Keluarga tentu bukan satu-satunya. Banyak ahli yang meyakini bahwa munculnya perilaku kekerasan pada seseorang disebabkan oleh alkohol dan obat-obatan, tekanan sosial, kekerasan dalam keluarga (kekerasan dalam rumah tangga). Pemicu lainnya adalah tontonan yang disajikan oleh media.
Masih dari buku yang sama, riset tahun 1999 oleh George Gerbner dari University of Pennsylvania ditemukan bahwa maraknya tayangan berbau kekerasan pada media televisi membuat emosi anak-anak menjadi rentan terhadap perilaku serupa. Anak-anak menjadi lemah menghadapi tekanan dan rasa sakit lalu melampiaskannya melalui sikap agresif dan anarkis.
Gerbner pada masa itu menempatkan televisi sebagai tersangka utama dan paling bertanggung jawab terhadap maraknya kekerasan dalam dunia remaja.
Kekerasan sebagai Komoditi
Pesan tersirat dari Gebrner adalah tayangan kekerasan pada televisi pada masanya memiliki pasar.
Harus diakui bahwa peristiwa kekerasan menjadi salah satu objek yang kerap menarik bagi banyak orang. Setiap orang selalu memiliki sifat ingin tahu tentang peristiwa penganiayaan, pemukulan, perkelahian, perusakan, dan tindakan serupa lainnya. Kondisi ini sering dimanfaatkan sekelompok orang untuk mengambil keuntungan.
Saat ini media televisi bisa saja mengalami penurunan peminat akibat pertumbuhan dan perkembangan teknologi informasi. Hal ini disebabkan keberadaan media sosial yang menggeser peran televisi. Medsos menjadi salah satu instrumen yang memungkinkan seseorang dapat mengakses berbagai informasi dari berbagai belahan bumi. Informasi itu menyelinap ke beranda, dapur, ruang makan, sampai tempat tidur.
Tayangan berbagai platform media sosial telah memberikan akses tanpa batas bagi penggunanya. Lebih dari itu beberapa platform itupun menawarkan keuntungan finansial kepada pegiatnya dengan membuat konten yang menarik. Salah satunya, peristiwa kekerasan. Dengan mengandalkan rating tinggi, penggunanya tidak segan-segan menarik perhatian banyak orang melalui tontonan kekerasan. Tontonan yang mempersembahkan kebrutalan, arogansi, dan perilaku semacam itu saat ini menjadi ladang penghasilan yang menggiurkan, dengan satu catatan, tentu masih banyak tayangan perilaku positif lainnya yang dapat memberikan pesan-pesan positif terhadap banyak orang.

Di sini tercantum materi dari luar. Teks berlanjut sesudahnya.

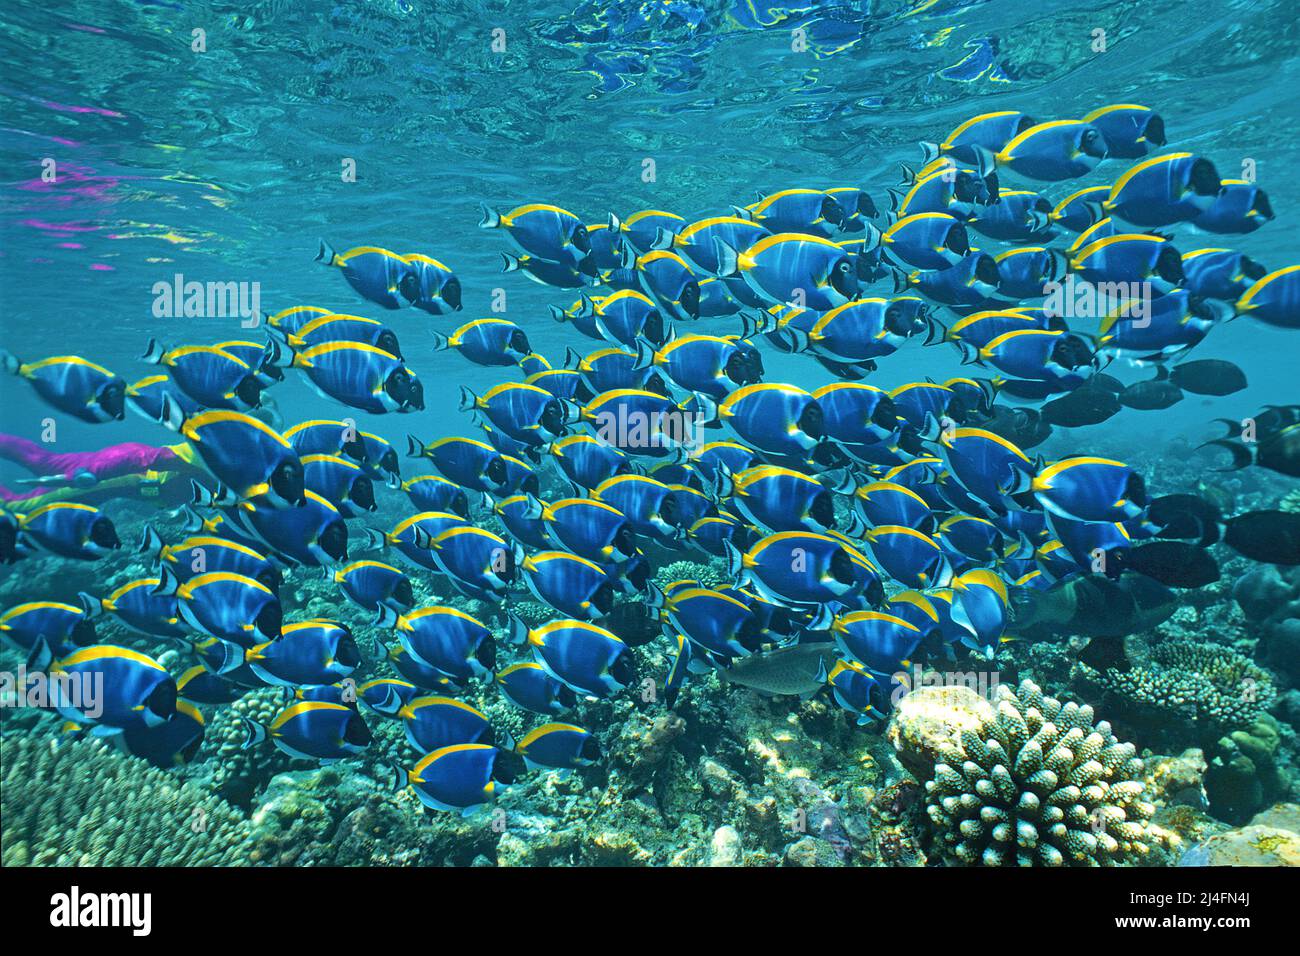 Snorkeler in tropical coral reef with Powderblue Surgeonfishes (Acanthurus leucosternon), Ari Atoll, Maldives, Indian ocean, Asia Stock Photo

Namun, tetap harus diwaspadai bahwa dengan banyaknya tontonan kekerasan telah, secara niscaya, memberikan pengaruh terhadap perilaku seseorang. Orang makin gampang marah, sikap menghargai orang lain makin berkurang, hilangnya empati kepada sesama merupakan resiko yang harus ditanggung manusia dari perkembangan teknologi informasi yang berkembang.
Itu berarti bahwa anak-anak yang dibesarkan dalam sebuah keluarga yang damai dan menjalani keseharian dalam ketentraman dapat berpotensi terpapar nilai-nilai kekerasan melalui konten yang mengabaikan prinsip-prinsip edukatif.
Mencegah Kekerasan
Gagasan Tripusat Pendidikan dari Ki hajar Dewantoro yang kemudian dituangkan dalam Undang-Undang Nomor 20 Tahun 2003 tentang Sistem Pendidikan Nasional, menekan betapa pentingnya peran tiga lembaga yang berhubungan dengan dunia pendidikan, yaitu, keluarga, sekolah dan masyarakat.
Mencegah kekerasan yang dilakukan oleh remaja harus dimulai dari keluarga. Benteng utama ada di sini. Orang tua menempati posisi sentral dalam melakukan tindakan preventif atas munculnya perilaku kekerasan pada anak-anak.